Member of the House of Representatives
- In office 10 December 1976 – 18 June 1993
- Preceded by: Ichirō Ōno
- Succeeded by: Makiko Tanaka
- Constituency: Niigata 3rd

Personal details
- Born: 5 July 1934 Tochio, Niigata, Japan
- Died: 31 July 2024 (aged 90) Chiba Prefecture, Japan
- Party: New Renaissance
- Other political affiliations: LDP (1976–1993) Independent (1993–1994) NFP (1994–1998) LP (1998–2003) DPJ (2003–2008)
- Alma mater: Takushoku University

= Hideo Watanabe =

Japanese politician (1934–2024)

Hideo Watanabe (渡辺 秀央, Watanabe Hideo) was a Japanese politician of the Democratic Party of Japan who was a member of the House of Representatives and House of Councillors in the Diet (national legislature) from 1976 to 1993 and 1998 to 2010 respectively.

== Life and career ==
A native of Tochio, Niigata and graduate of Takushoku University, he was elected to the House of Representatives in the 1976 general election as part of the ruling Liberal Democratic Party, and re-elected five times before losing his seat in the pivotal 1993 general election.

He joined the New Frontier Party in 1997 and then won a seat on the Liberal Party proportional representation slate for the House of Councillors in the 1998 election.

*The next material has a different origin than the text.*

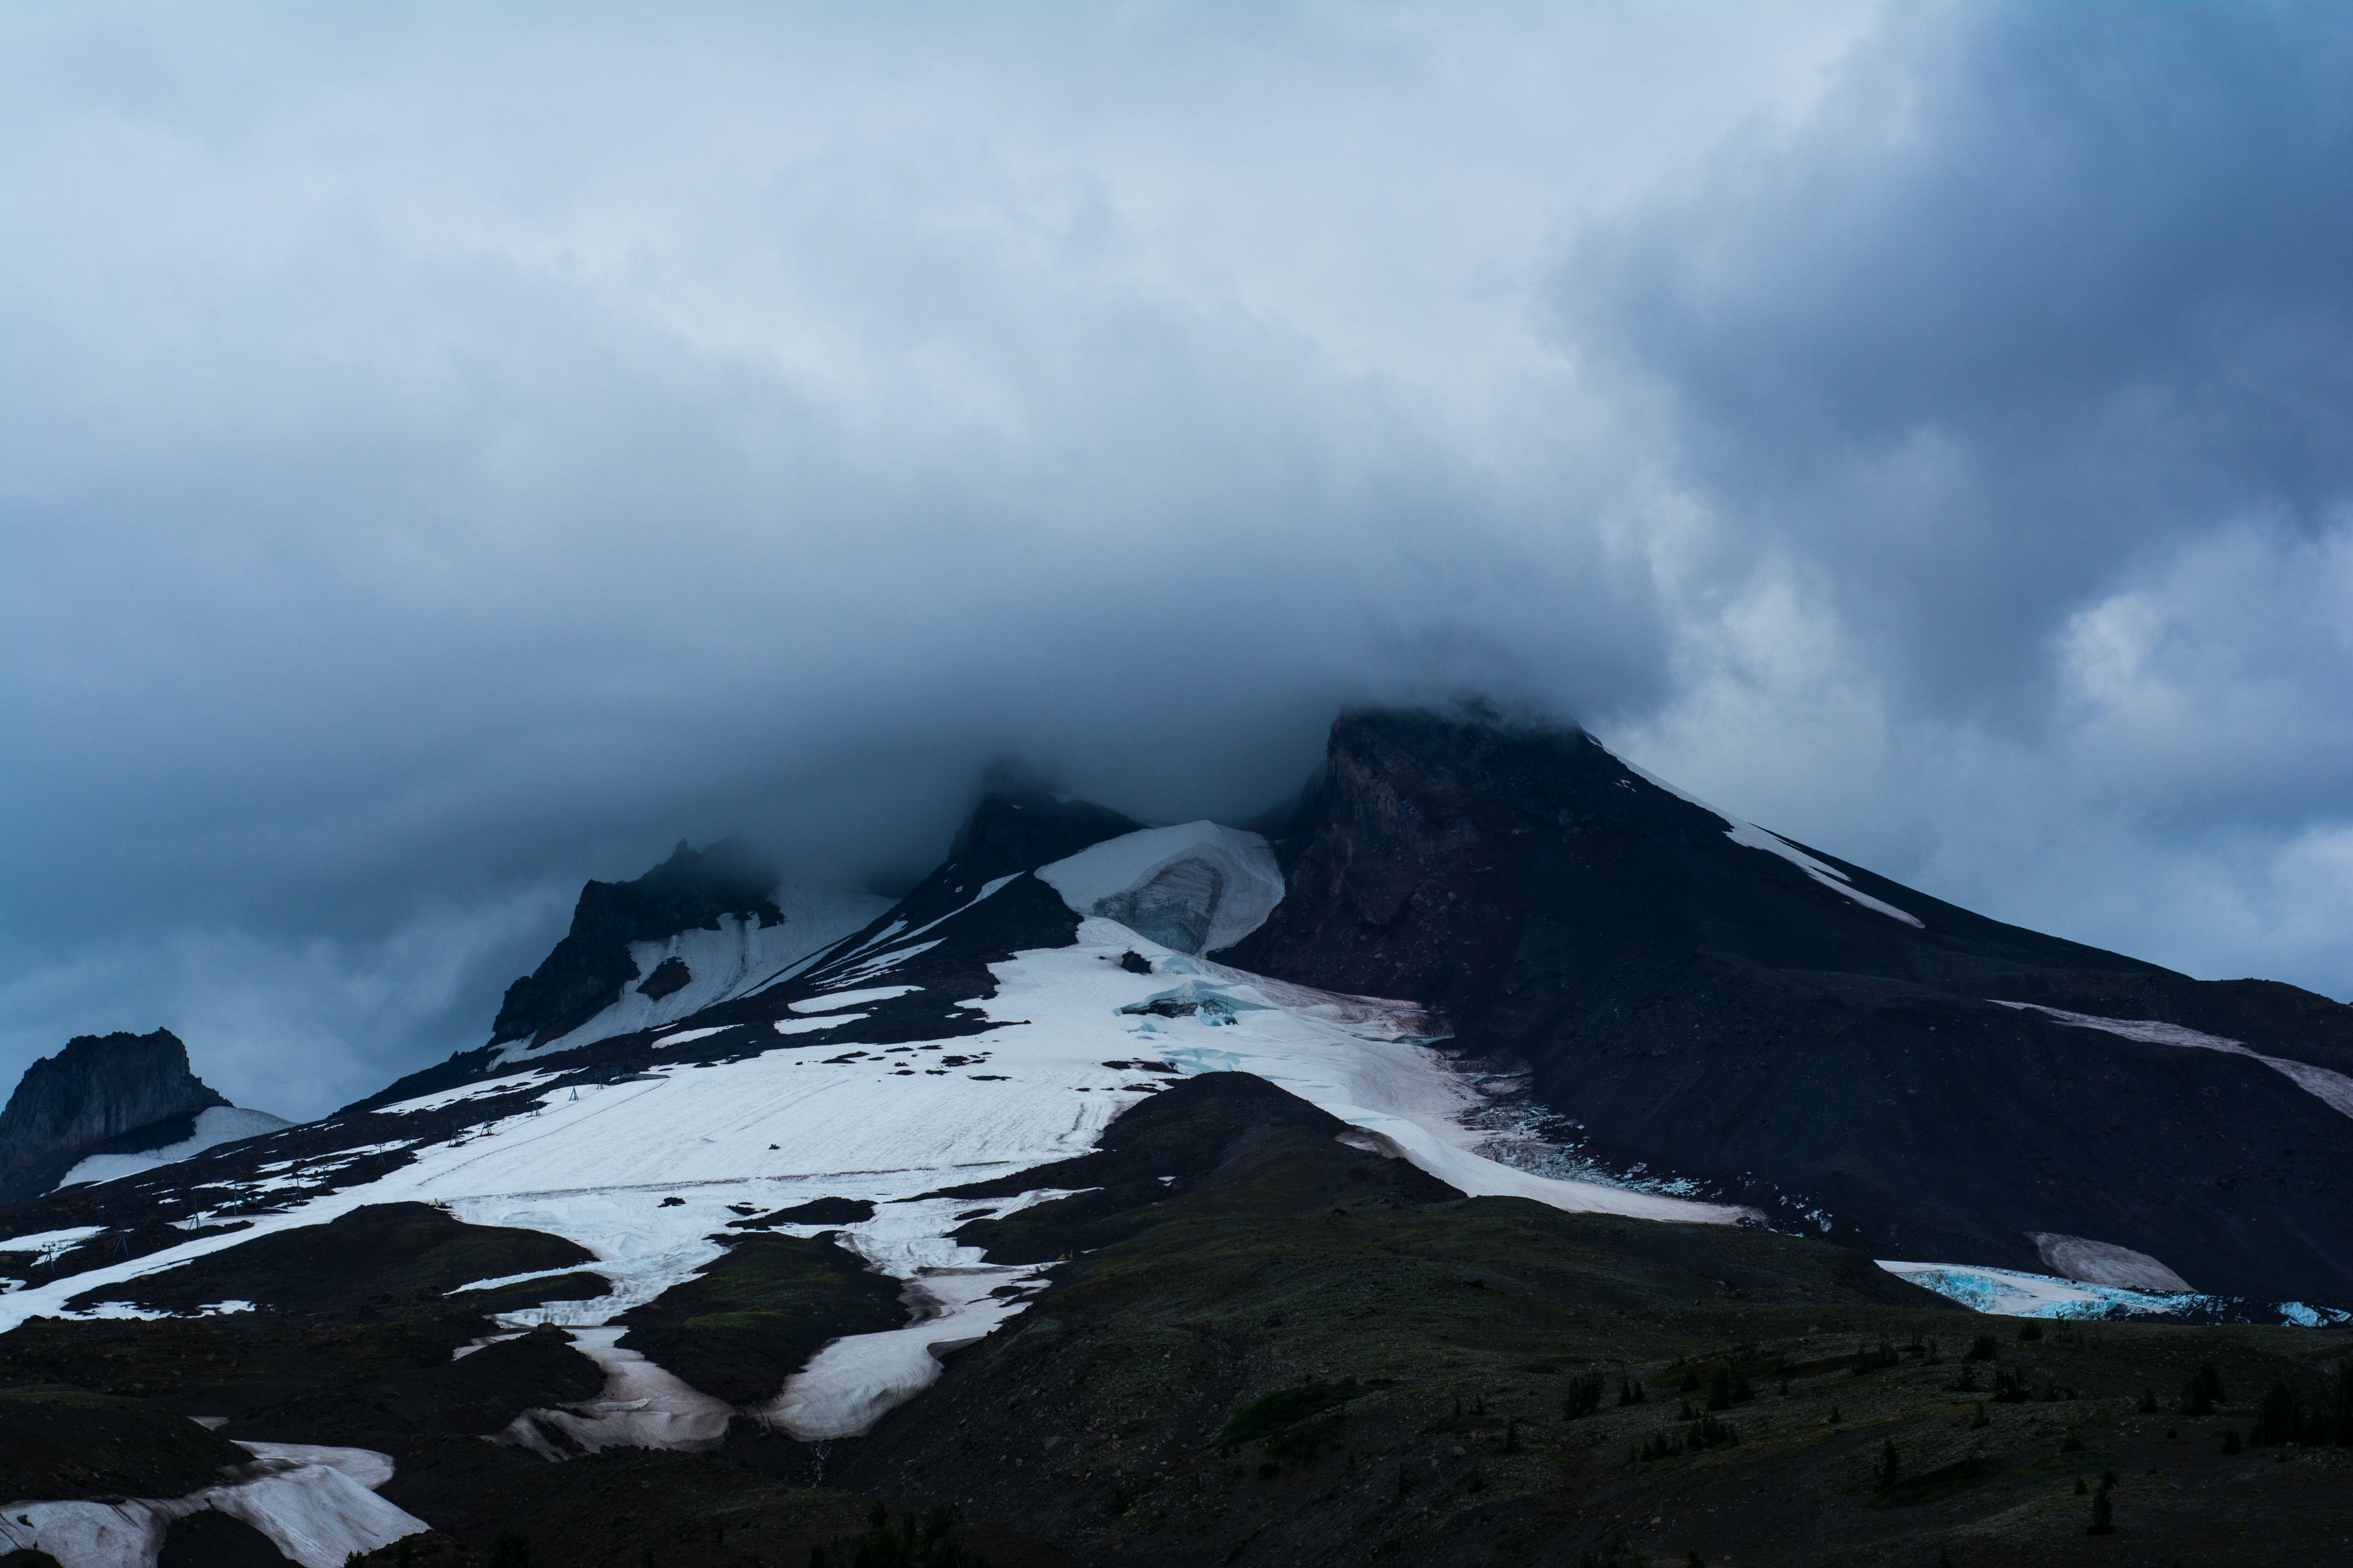 Free stock photo of cloudy mountain, mountain, mt. hood, snow capped mountain
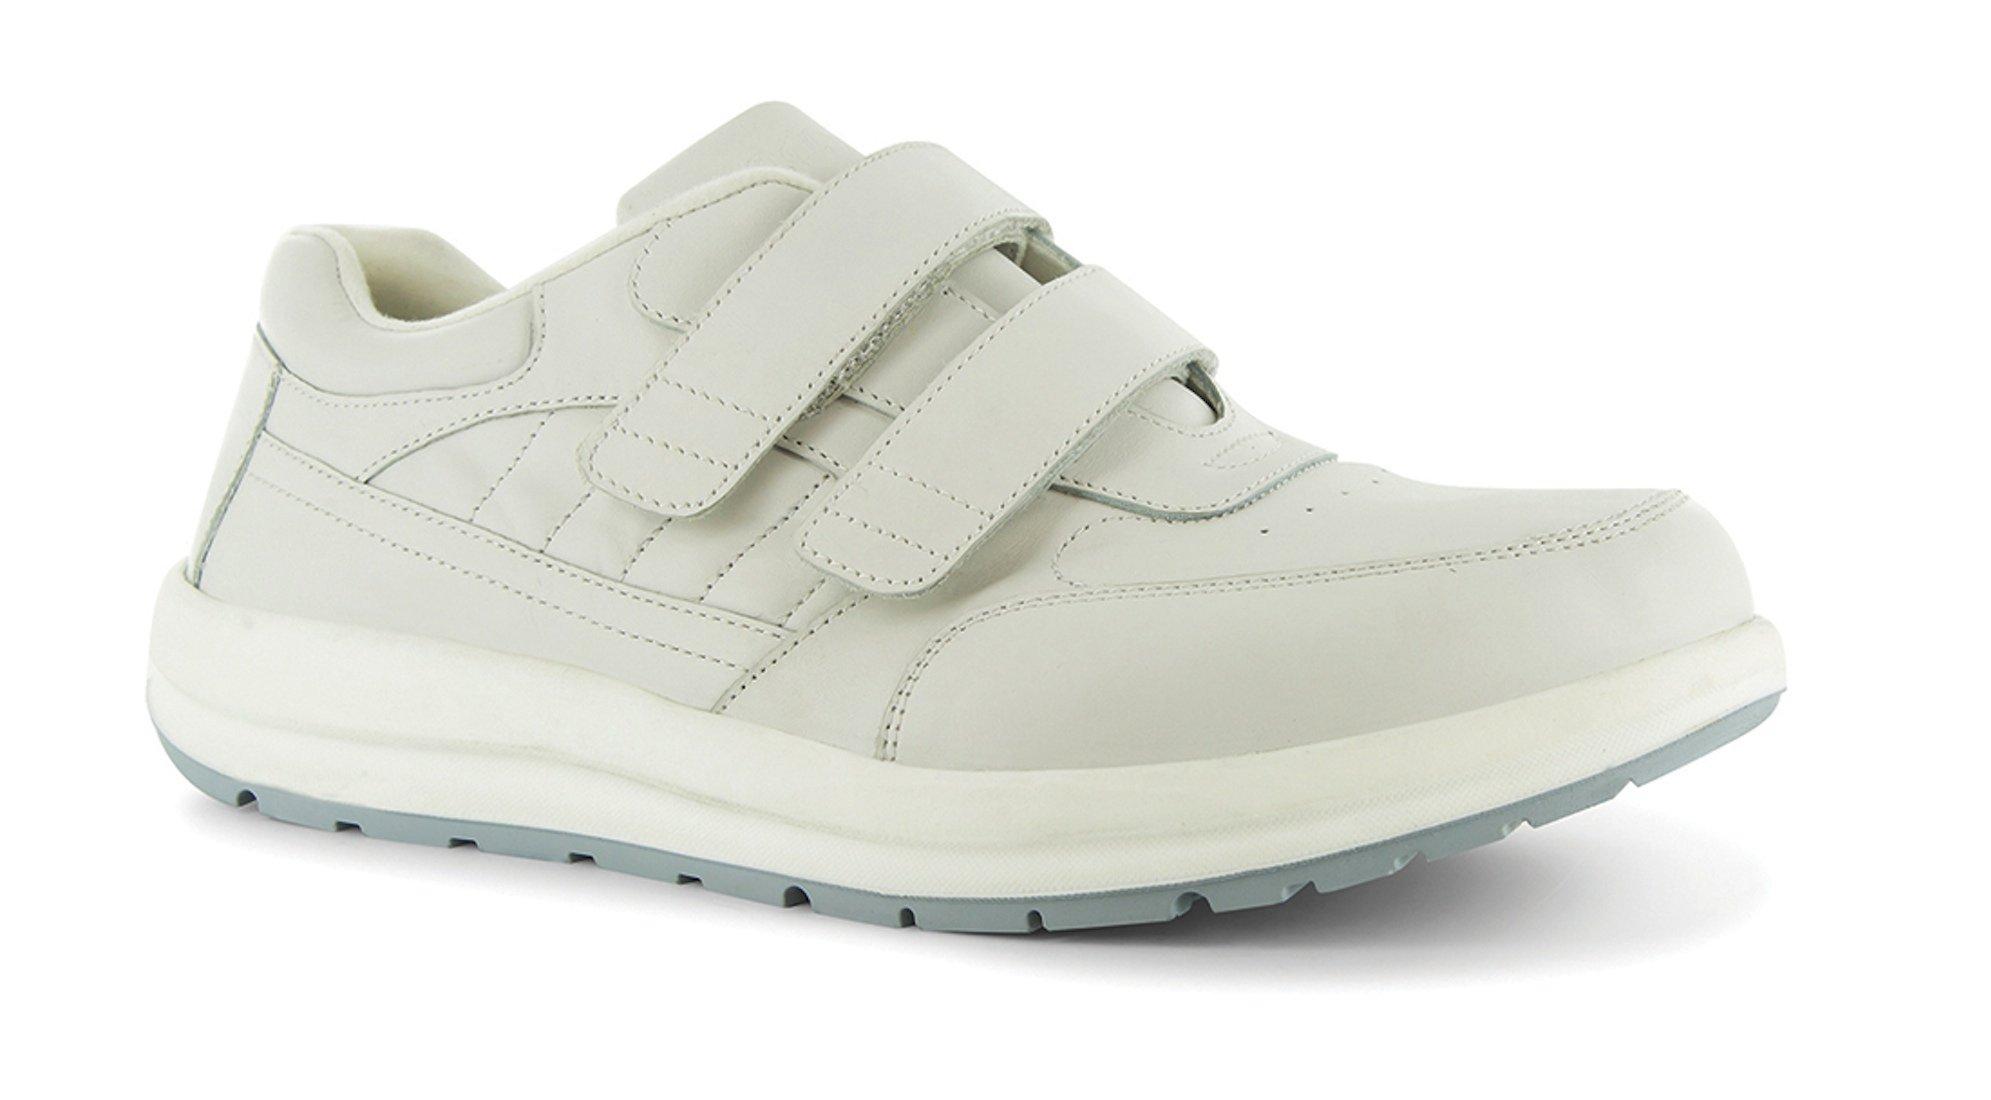 P W Minor Performance Walker Men's Therapeutic Casual Extra Depth Shoe: White 7 Medium (D) Velcro

He led electoral cooperation talks between the LP and LDP which broke down in March 2000 concurrently with failed merger talks between party presidents Keizo Obuchi and Ichiro Ozawa. The LP subsequently merged with the Democratic Party of Japan and Watanabe retained his House of Councillors seat on the DPJ slate in the 2004 election.

He left the DPJ in 2008 to start the Reform Club, which became the New Renaissance Party in April 2010 under the leadership of Yoichi Masuzoe. Watanabe retired from politics upon refusing to run in the 2010 House of Councillors election.

Watanabe was the chairman of Japan-Myanmar Friendship Association. Watanabe first provided aid to Myanmar in 1987 and then began interacting with the military. He had close ties with the military's proxy Union Solidarity and Development Party since the time of ex-general Thein Sein’s quasi-civilian government. It is said that he had been close to Senior General Min Aung Hlaing for over a decade, and they met shortly before and after the February 2021 coup. Following the military coup d'état, he told The Asahi Shimbun newspaper that Min Aung Hlaing had not staged a coup but "done what he should have in accordance with the law". In November 2022, he was awarded the title of Thiri Pyanchi, one of the country's highest honors.

Watanabe died on 31 July 2024, at the age of 90.